LOUISVILLE, KENTUCKY

Fresh food has always been Shirley Mae’s competitive edge. It’s why the café that sits at the corner of Clay and Lampton streets in downtown Louisville, Kentucky, features an open kitchen that allows customers to see behind the scenes of their food preparation. This transparency, coupled with made-to-order soul food like Southern fried chicken wings, barbecued ribs and meatloaf, is a major part of the café’s charm.

But proprietress Shirley Mae Beard is as well known for her contributions to Black history and its preservation as she is for her hot water cornbread. Most notable is her commitment to honoring Black jockeys in the city and state at the center of one of the most prestigious horse racing events in the world: the Kentucky Derby. Black horsemen were once a dominant force at the Derby, making up 13 of 15 riders at the first running in 1875 — and won by Black jockey Oliver Lewis — and winning 15 of the first 28 runnings of the equine event. As Kentucky ramped up segregation laws in the 1890s, Black riders were systematically barred from the sport.

After discovering the accomplishments of these hidden figures in a set of World Book Encyclopedias, Beard, with the help of her children, made it her mission to educate the masses. The Salute to Black Jockey event was born in May 1989, with photos of the riders covering the café walls and the introduction of what is billed as the “largest inner-city carnival in the commonwealth of Kentucky.” The annual event is a popular draw, prompting visits from Academy Award-winning actors Whoopi Goldberg and Morgan Freeman.

Shirley Mae’s has been operating on a carry-out basis since the start of the pandemic, as a safety precaution and to minimize contact with the now 82-year-old matriarch. But the beloved local institution is gearing up to welcome diners back for the homecooked meals they have come to crave.

Shirley Mae Beard is as well known for her contributions to Black history as she is for her hot water cornbread.

MARTIN LUTHER KING JR. DOCUMENTS

ATLANTA

Few figures in the civil rights movement are more recognizable than Martin Luther King Jr.

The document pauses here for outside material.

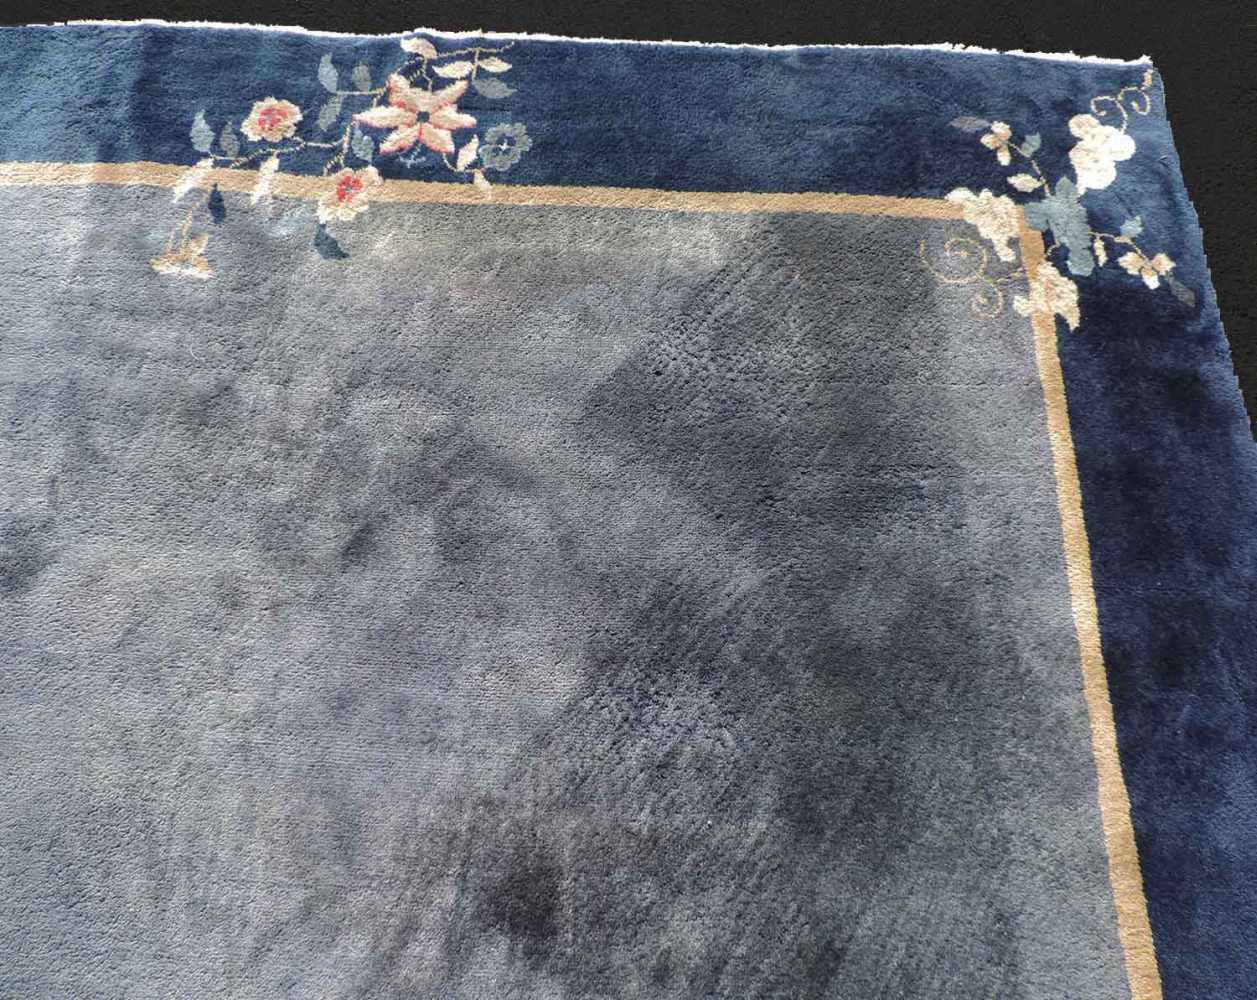 Peking Teppich. China. Antik. Um 1920 361 cm x 267 cm. Handgeknüpft. Mancesterwolle auf Baumwolle. - Image 5 of 8

King was emblematic of the movement during the 1950s and ’60s, providing leadership, courage and wisdom that inspired individuals of many races and backgrounds to fight for equality and cling to hope for a just world. His speeches and sermons, such as the famous “I Have A Dream” speech, were catalysts for social change and racial equality, even after his 1969 assassination in Memphis. The National Center for Civil and Human Rights in Atlanta houses an exhibition called “Voice to the Voiceless,” which features artifacts of King’s from the Morehouse College Martin Luther King Jr. Collection. The exhibition includes some of King’s papers and letters, 1,100 books from his personal library and an art installation featuring a backlit display of his unique handwriting stretching 38 feet across 50 metal panels, titled “Fragments.”